Horse hockey. Genre writing can be just as influential, if not more so, than anything that will end up in the canon in fifty years. Harry Potter is never going to end up in the "literary" canon (nor would I argue, should it. For example, it ignores many of Lukeman's punctuation rules!), but to ignore the impact that it has had on the last two generations of readers would be idiotic. The same could be said of Twilight as a cult phenomenon, despite all of the objections that I have to it.
Lukeman is complicit in that all of his examples are drawn from literary fiction, and the general tenor of the book suggests that he's expecting his readers to write literary fiction. Well, some of us don't. Some of us write genre fiction very happily, and one thing that Lukeman fails to acknowledge is that some of these genres have conventions of their own. He's so busy focusing on how some writers have distorted the use of certain punctuation marks (Hemingway used emphatic periods! Joyce exiled the poor defenseless quotation mark!) that sometimes I felt that standard conventions were getting overlooked. This is probably not fair, because he does make note of the standard ways some punctuation should be used.
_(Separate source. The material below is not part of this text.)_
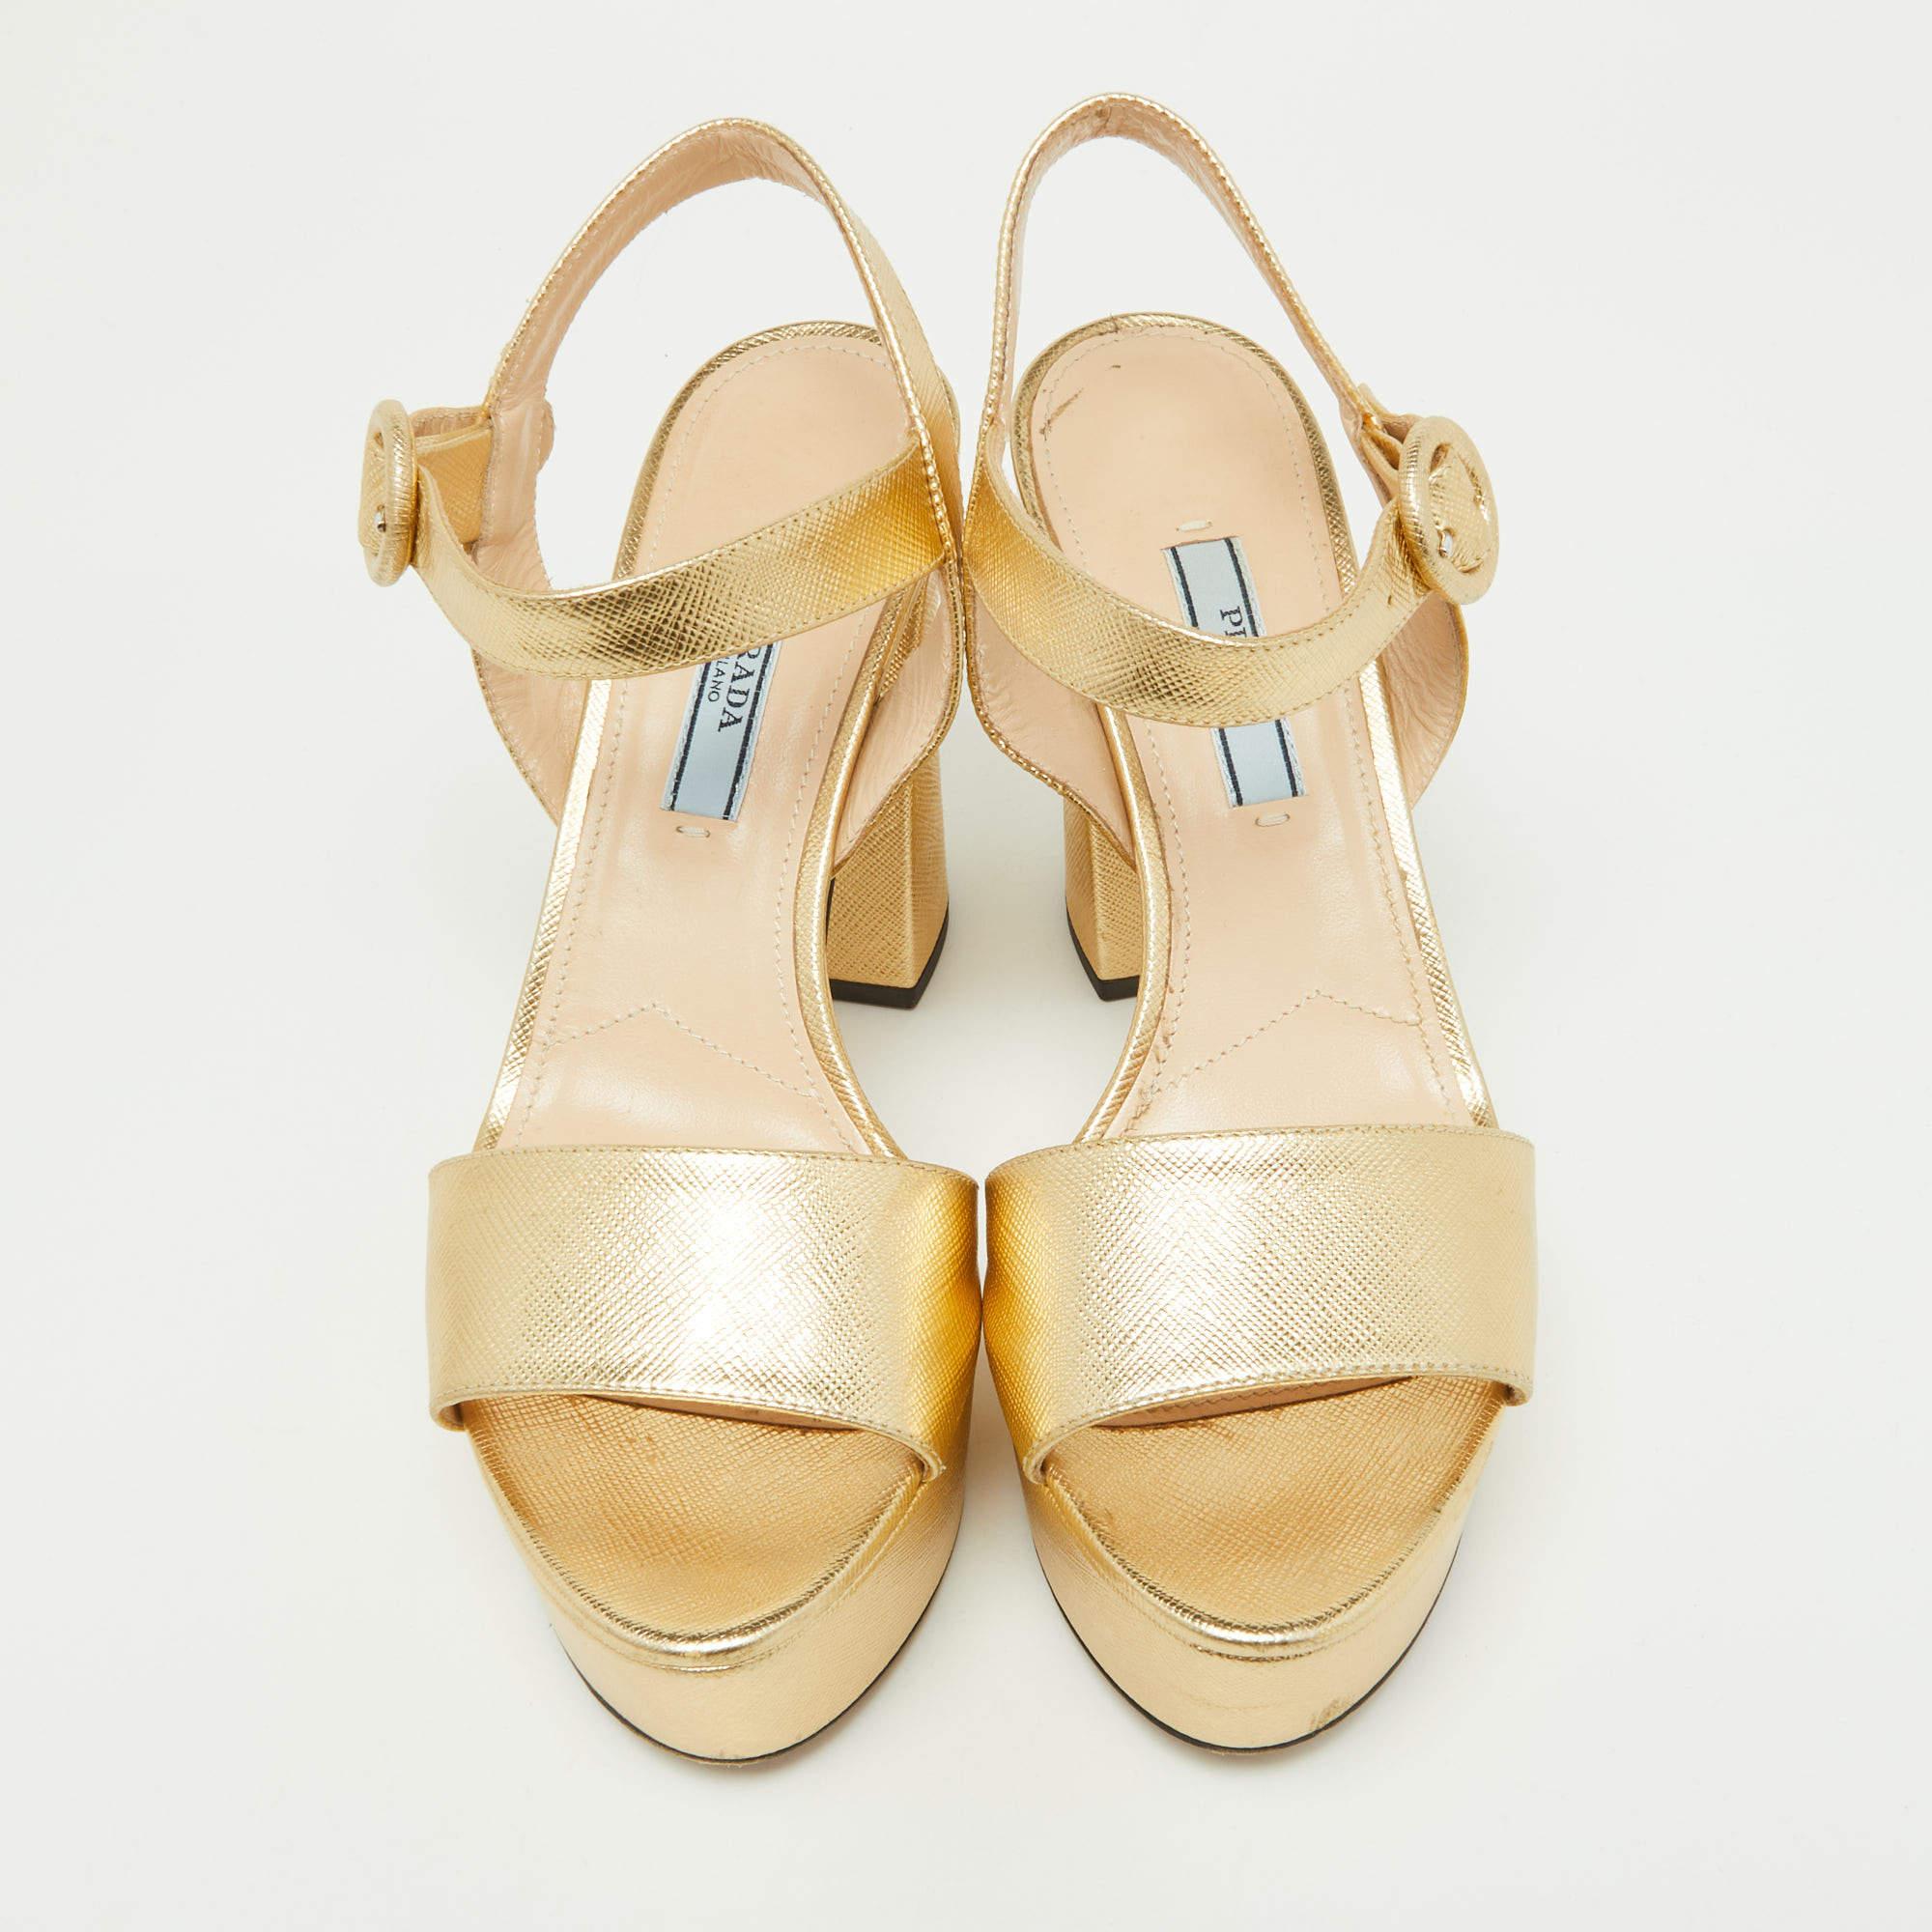 Prada Gold Leather Ankle Strap Block Heel Platform Sandals Size 36 2

Anyway, back to my point. We need a more expansive definition of creative writing (perhaps one that recognizes that all writing, academic, fiction and non-fiction is creative?) both in and out of academia, and books like this aren't helping.
Everything else:
All this said, it's a good book to read. I wouldn't use it in a beginning creative writing class, I don't imagine. (Of course, I would rather not teach a creative writing class at all.) But it's interesting, and it has some good reminders for more experienced writers. And I would very much like to pick up one of Lukeman's previous books, The First Five Pages: A Writer's Guide to Staying out of the Rejection Pile. But I'd like to know what Lukeman, as a literary agent, tends to buy himself first. If he's not buying genre fiction, then I don't know that all of his advice would work.